Talvez a realização mais importante dessa fase da sua carreira tenha sido a direção musical da tetralogia "O Anel dos Nibelungos", numa produção encenada por Patrice Chéreau. Não foi assim tão estranho como isso, pois a música moderna começou com Wagner, ao fim e ao cabo. Do mesmo compositor Boulez gravou também o“Parsifal” – uma interpretação tipicamente límpida, embora sem a carga espiritual de outras, nomeadamente a de Karajan – e, já no século XX, a primeira versão completa de "Lulu", de Alban Berg.

Pelo caminho, foi registando numerosas obras do 'pai' da segunda escola de Viena, Arnold Schoenberg, não obstante o artigo que em tempos escrevera sobre ele. Publicado escassos meses após o desaparecimento do compositor vienense, intitulava-se "Schoenberg Morreu" (Schoenberg est Mort); a morte a que Boulez se referia não era obviamente apenas física. Criticar músicos com quem tinha especial afinidade foi um hábito característico de Pierre Boulez, chegando a atingir o próprio Messiaen, que se tornara seu professor e foi decisivo na sua carreira.

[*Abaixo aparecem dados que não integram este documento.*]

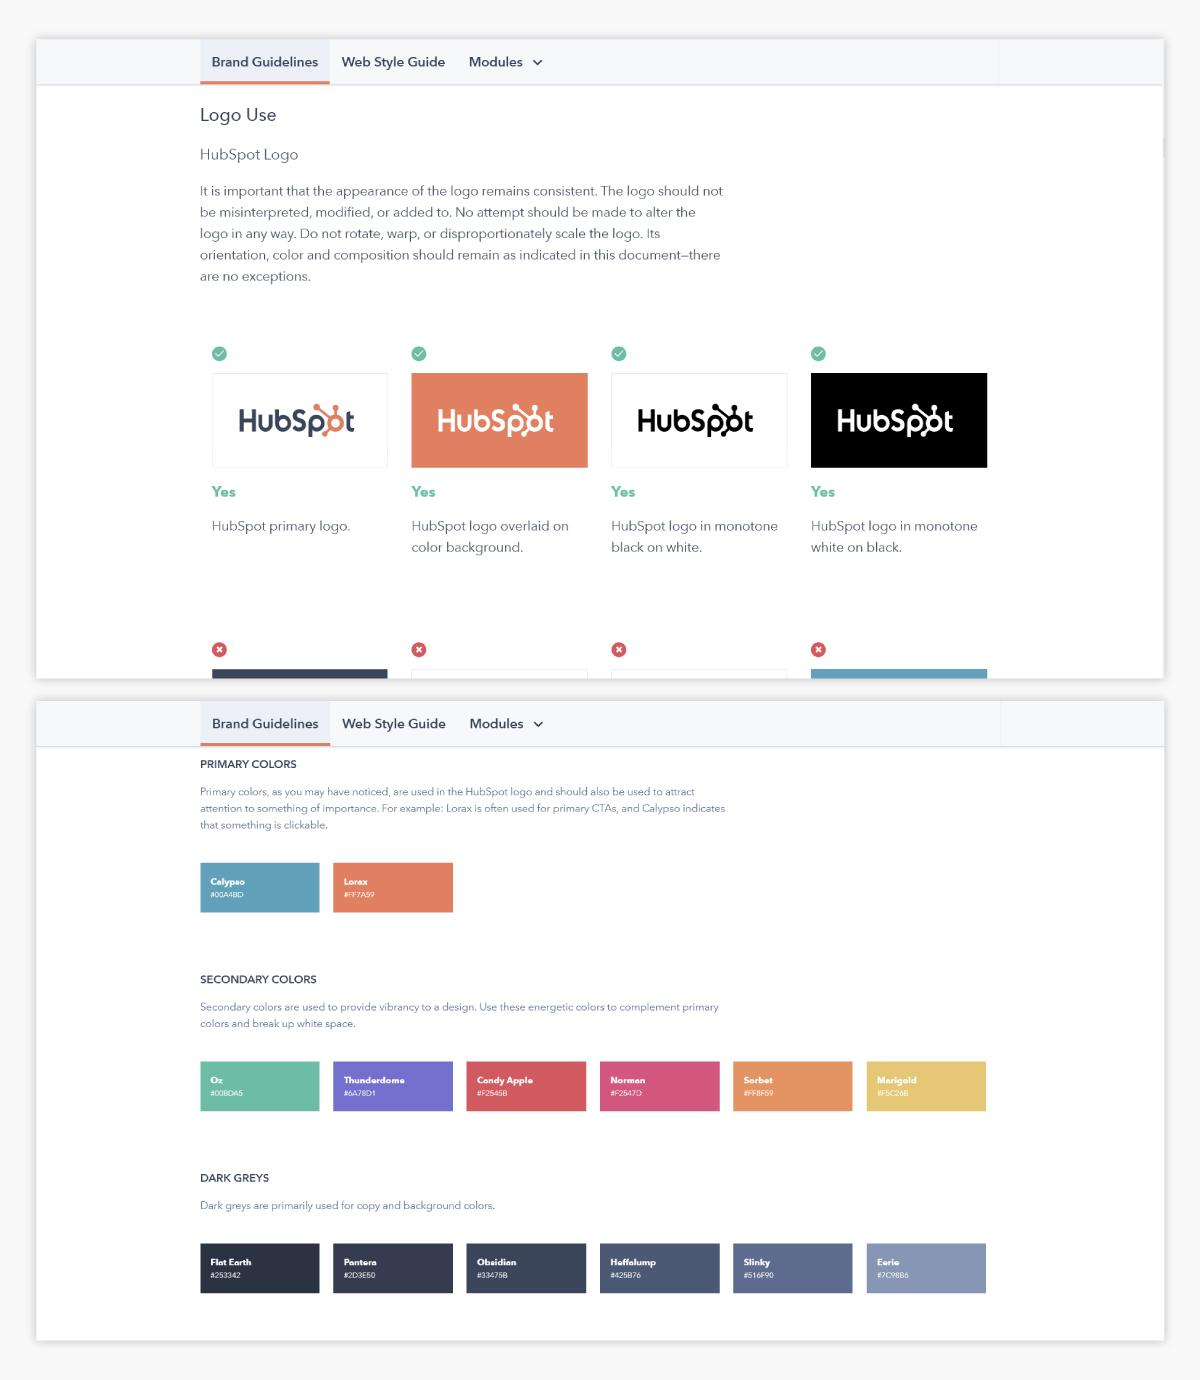 A screenshot of HubSpot's brand guidelines.

Polémicas públicas, cordialidade privada

Nascido a 26 de março de 1925 em Montbrison, no Loire, Boulez era filho de um engenheiro que geria uma empresa metalúrgica e esperava que o filho lhe seguisse os passos. Estudou desde pequeno num colégio católico onde lhe instilaram uma feroz disciplina. Os dois talentos que exibiu desde cedo, para a música e a matemática, evoluíram em paralelo e foram desenvolvidos até à idade adulta, quando ele finalmente optou pela música. Ao longo das décadas, tornar-se-ia uma referência central da chamada música de vanguarda, sediada em Darmstadt, a par com nomes como Stockhausen, Berio, Nono, Xenakis. Além do serialismo, explorou outras vertentes musicais inovadoras: manipulação eletrónica do som, acaso controlado...

Para alguém que teve algumas polémicas notórias com os poderes instituídos (em particular nos anos 60, quando o então ministro da cultura André Malraux o desautorizou e ele trocou o país pela Alemanha; seria o presidente Georges Pompidou a trazê-lo de volta, permitindo-lhe fazer o IRCAM), acabou por ser tornar uma figura institucional de primeira linha. As marcas visíveis da sua influência incluem a Cité de la Musique, em Paris.

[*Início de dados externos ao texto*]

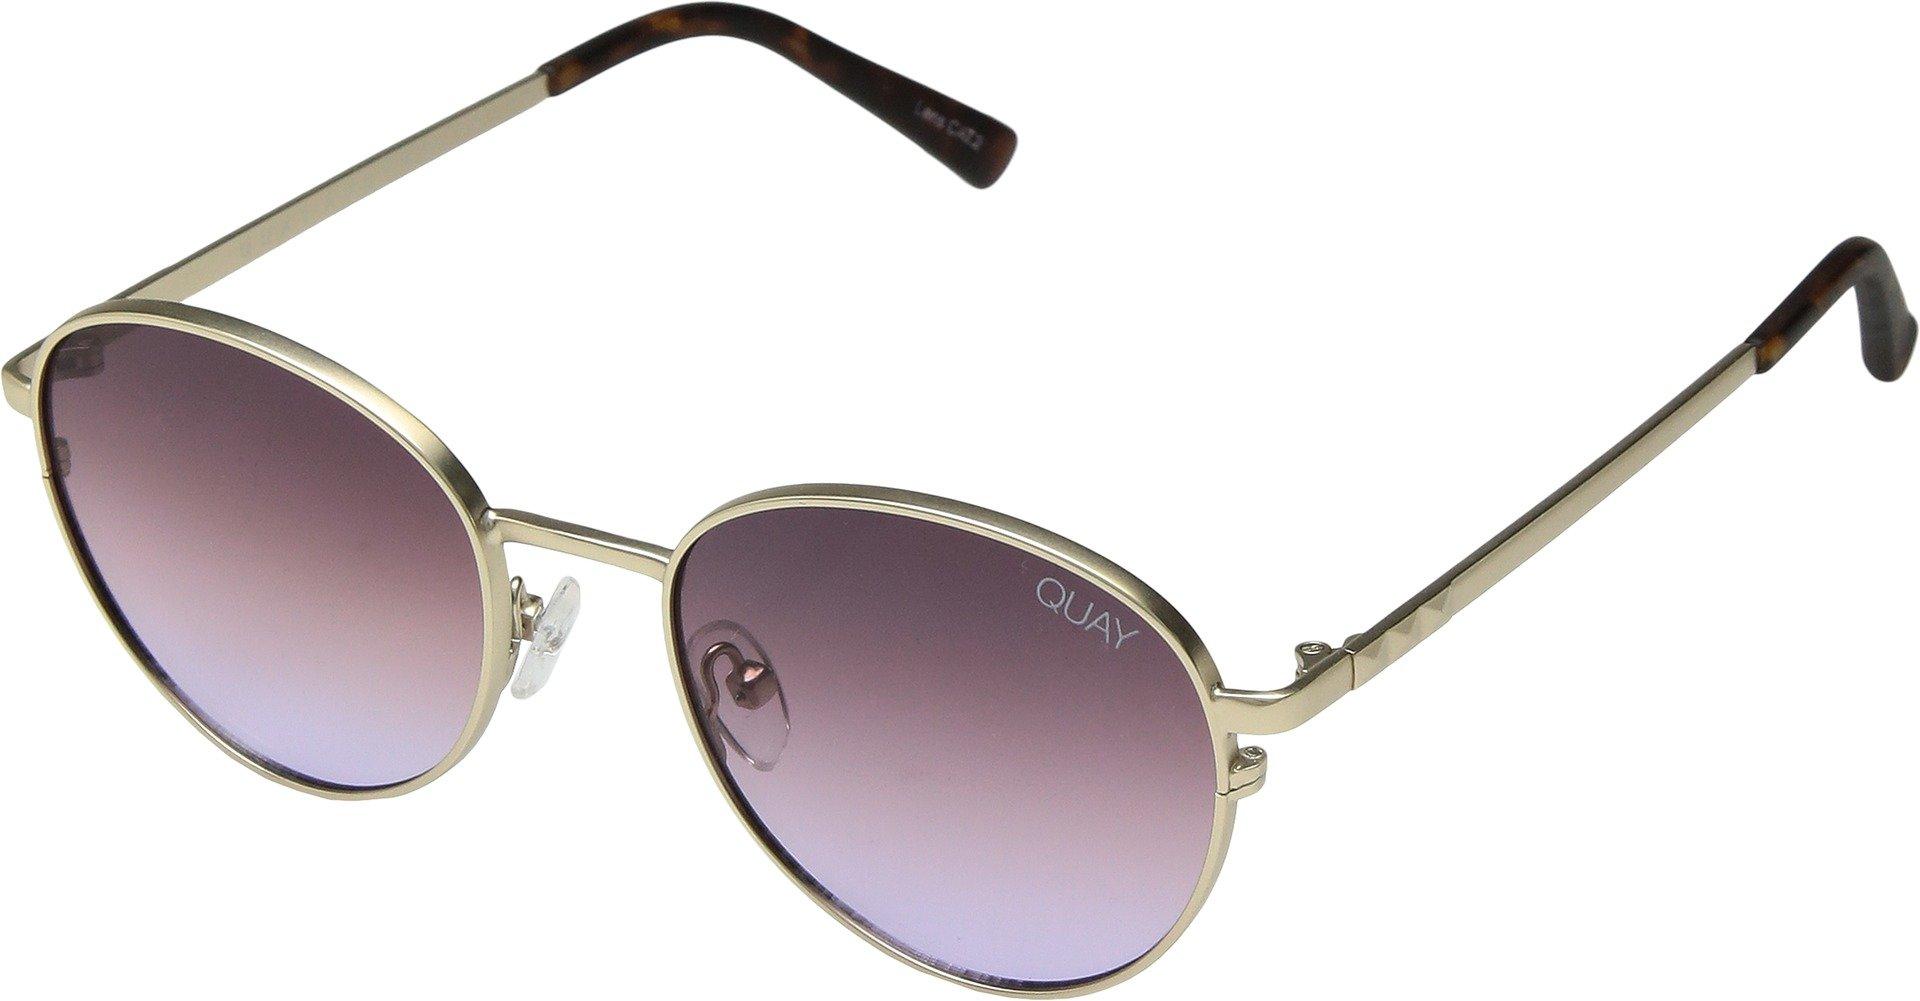 Quay Women's Crazy Love Sunglasses, Gold/Purple, One Size

A cordialidade que exibia em privado, em contraste com a fama pública de intransigência, ajudavam certamente. Antigo revolucionário, Pierre Boulez era objeto de estima entre a generalidade dos seus colegas. Duas caixas de CDs saídas recentemente, uma com as suas gravações na Sony e outra com as suas “Obras Completas” na Deutsche Grammophon, permitem apreciar o legado que deixou.